#### Your instructions
Starting at the line with "Viaje Mágico Hermético" and going on through the line with "Jonathan Janz, Tim", reproduce each line in the records below exactly and nothing more.

#### Dataset records
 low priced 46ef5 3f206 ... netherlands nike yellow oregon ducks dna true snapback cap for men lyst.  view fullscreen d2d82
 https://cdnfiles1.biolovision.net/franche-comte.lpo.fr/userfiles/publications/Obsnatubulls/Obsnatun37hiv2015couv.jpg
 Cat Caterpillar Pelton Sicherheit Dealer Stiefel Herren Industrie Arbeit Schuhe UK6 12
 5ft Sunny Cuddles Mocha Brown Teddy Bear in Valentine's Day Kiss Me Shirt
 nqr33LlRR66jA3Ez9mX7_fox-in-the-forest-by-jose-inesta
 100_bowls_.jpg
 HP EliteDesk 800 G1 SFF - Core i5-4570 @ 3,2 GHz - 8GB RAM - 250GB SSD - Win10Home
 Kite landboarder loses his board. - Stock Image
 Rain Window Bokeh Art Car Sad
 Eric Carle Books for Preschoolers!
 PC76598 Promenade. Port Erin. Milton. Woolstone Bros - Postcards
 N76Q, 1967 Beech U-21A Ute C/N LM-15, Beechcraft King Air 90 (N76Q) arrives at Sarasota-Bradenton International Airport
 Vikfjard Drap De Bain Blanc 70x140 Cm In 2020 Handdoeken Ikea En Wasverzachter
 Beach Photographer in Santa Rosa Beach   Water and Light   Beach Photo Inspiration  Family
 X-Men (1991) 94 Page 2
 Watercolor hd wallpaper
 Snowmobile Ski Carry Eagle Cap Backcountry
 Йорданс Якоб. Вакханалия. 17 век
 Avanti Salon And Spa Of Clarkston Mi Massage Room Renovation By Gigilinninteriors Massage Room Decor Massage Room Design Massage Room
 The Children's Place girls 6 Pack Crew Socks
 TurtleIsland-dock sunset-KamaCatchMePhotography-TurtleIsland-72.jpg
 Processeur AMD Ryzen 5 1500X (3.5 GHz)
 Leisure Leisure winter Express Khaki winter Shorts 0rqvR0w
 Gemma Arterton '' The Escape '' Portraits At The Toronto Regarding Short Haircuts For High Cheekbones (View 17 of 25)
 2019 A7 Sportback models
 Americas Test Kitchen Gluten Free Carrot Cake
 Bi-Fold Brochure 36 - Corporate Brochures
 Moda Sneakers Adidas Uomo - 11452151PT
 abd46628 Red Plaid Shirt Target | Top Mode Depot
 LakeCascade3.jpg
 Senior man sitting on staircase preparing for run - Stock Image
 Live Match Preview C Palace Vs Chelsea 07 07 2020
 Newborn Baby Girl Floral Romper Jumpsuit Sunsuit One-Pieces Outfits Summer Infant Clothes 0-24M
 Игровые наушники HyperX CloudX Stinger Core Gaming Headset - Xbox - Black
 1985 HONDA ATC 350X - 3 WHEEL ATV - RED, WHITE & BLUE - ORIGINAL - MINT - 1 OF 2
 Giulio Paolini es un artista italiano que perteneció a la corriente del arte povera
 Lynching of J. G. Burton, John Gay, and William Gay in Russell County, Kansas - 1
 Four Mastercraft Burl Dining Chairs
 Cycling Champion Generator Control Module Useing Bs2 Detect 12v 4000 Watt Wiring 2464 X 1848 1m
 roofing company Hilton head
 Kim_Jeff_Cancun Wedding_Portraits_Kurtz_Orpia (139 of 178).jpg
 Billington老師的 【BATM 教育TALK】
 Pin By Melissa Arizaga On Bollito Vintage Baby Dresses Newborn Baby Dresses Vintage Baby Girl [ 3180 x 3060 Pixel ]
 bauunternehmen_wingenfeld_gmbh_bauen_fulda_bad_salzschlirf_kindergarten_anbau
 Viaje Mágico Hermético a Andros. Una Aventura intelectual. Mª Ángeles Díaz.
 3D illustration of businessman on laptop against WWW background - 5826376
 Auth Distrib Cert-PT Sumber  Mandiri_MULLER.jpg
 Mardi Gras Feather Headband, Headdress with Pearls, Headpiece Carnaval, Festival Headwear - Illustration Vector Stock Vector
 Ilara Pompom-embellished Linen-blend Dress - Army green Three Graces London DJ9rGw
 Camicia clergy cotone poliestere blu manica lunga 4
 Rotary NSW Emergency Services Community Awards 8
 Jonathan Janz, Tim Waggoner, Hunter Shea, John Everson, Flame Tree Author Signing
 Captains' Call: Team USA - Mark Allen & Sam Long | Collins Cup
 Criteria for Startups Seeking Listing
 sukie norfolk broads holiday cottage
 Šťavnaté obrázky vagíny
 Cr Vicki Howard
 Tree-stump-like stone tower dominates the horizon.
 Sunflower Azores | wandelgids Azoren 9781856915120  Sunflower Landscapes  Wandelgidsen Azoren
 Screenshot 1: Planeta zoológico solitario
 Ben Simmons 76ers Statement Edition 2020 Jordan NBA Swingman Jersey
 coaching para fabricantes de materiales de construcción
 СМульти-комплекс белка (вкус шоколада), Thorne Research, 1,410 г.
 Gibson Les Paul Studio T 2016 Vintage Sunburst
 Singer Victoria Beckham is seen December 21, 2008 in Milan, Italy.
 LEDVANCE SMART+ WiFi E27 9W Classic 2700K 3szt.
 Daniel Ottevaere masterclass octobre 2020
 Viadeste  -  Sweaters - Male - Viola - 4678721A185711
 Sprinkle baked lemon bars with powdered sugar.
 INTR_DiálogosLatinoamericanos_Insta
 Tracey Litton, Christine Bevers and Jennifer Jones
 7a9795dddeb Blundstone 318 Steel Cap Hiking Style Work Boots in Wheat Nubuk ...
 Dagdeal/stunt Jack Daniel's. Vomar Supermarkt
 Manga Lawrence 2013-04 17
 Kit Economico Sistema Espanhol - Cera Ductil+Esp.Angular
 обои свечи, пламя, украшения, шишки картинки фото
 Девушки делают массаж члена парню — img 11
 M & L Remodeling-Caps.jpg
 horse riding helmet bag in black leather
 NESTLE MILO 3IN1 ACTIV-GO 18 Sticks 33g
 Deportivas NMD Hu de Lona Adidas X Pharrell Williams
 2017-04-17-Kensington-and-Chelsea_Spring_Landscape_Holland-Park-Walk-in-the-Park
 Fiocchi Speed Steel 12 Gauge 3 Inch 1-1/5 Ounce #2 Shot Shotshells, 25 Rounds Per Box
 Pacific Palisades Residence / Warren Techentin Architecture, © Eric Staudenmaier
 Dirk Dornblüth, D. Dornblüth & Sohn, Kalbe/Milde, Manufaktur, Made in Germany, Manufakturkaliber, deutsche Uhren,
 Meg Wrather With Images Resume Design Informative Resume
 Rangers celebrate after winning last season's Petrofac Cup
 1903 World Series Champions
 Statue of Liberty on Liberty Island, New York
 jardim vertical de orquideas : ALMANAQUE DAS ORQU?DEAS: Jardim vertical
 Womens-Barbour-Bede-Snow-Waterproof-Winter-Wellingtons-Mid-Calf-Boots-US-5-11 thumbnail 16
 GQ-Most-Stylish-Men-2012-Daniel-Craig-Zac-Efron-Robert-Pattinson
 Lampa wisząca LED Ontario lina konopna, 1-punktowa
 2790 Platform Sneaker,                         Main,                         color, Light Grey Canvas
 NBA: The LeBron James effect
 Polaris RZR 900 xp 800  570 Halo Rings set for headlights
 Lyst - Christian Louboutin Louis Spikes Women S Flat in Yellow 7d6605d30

#### Response
 Viaje Mágico Hermético a Andros. Una Aventura intelectual. Mª Ángeles Díaz.
 3D illustration of businessman on laptop against WWW background - 5826376
 Auth Distrib Cert-PT Sumber  Mandiri_MULLER.jpg
 Mardi Gras Feather Headband, Headdress with Pearls, Headpiece Carnaval, Festival Headwear - Illustration Vector Stock Vector
 Ilara Pompom-embellished Linen-blend Dress - Army green Three Graces London DJ9rGw
 Camicia clergy cotone poliestere blu manica lunga 4
 Rotary NSW Emergency Services Community Awards 8
 Jonathan Janz, Tim Waggoner, Hunter Shea, John Everson, Flame Tree Author Signing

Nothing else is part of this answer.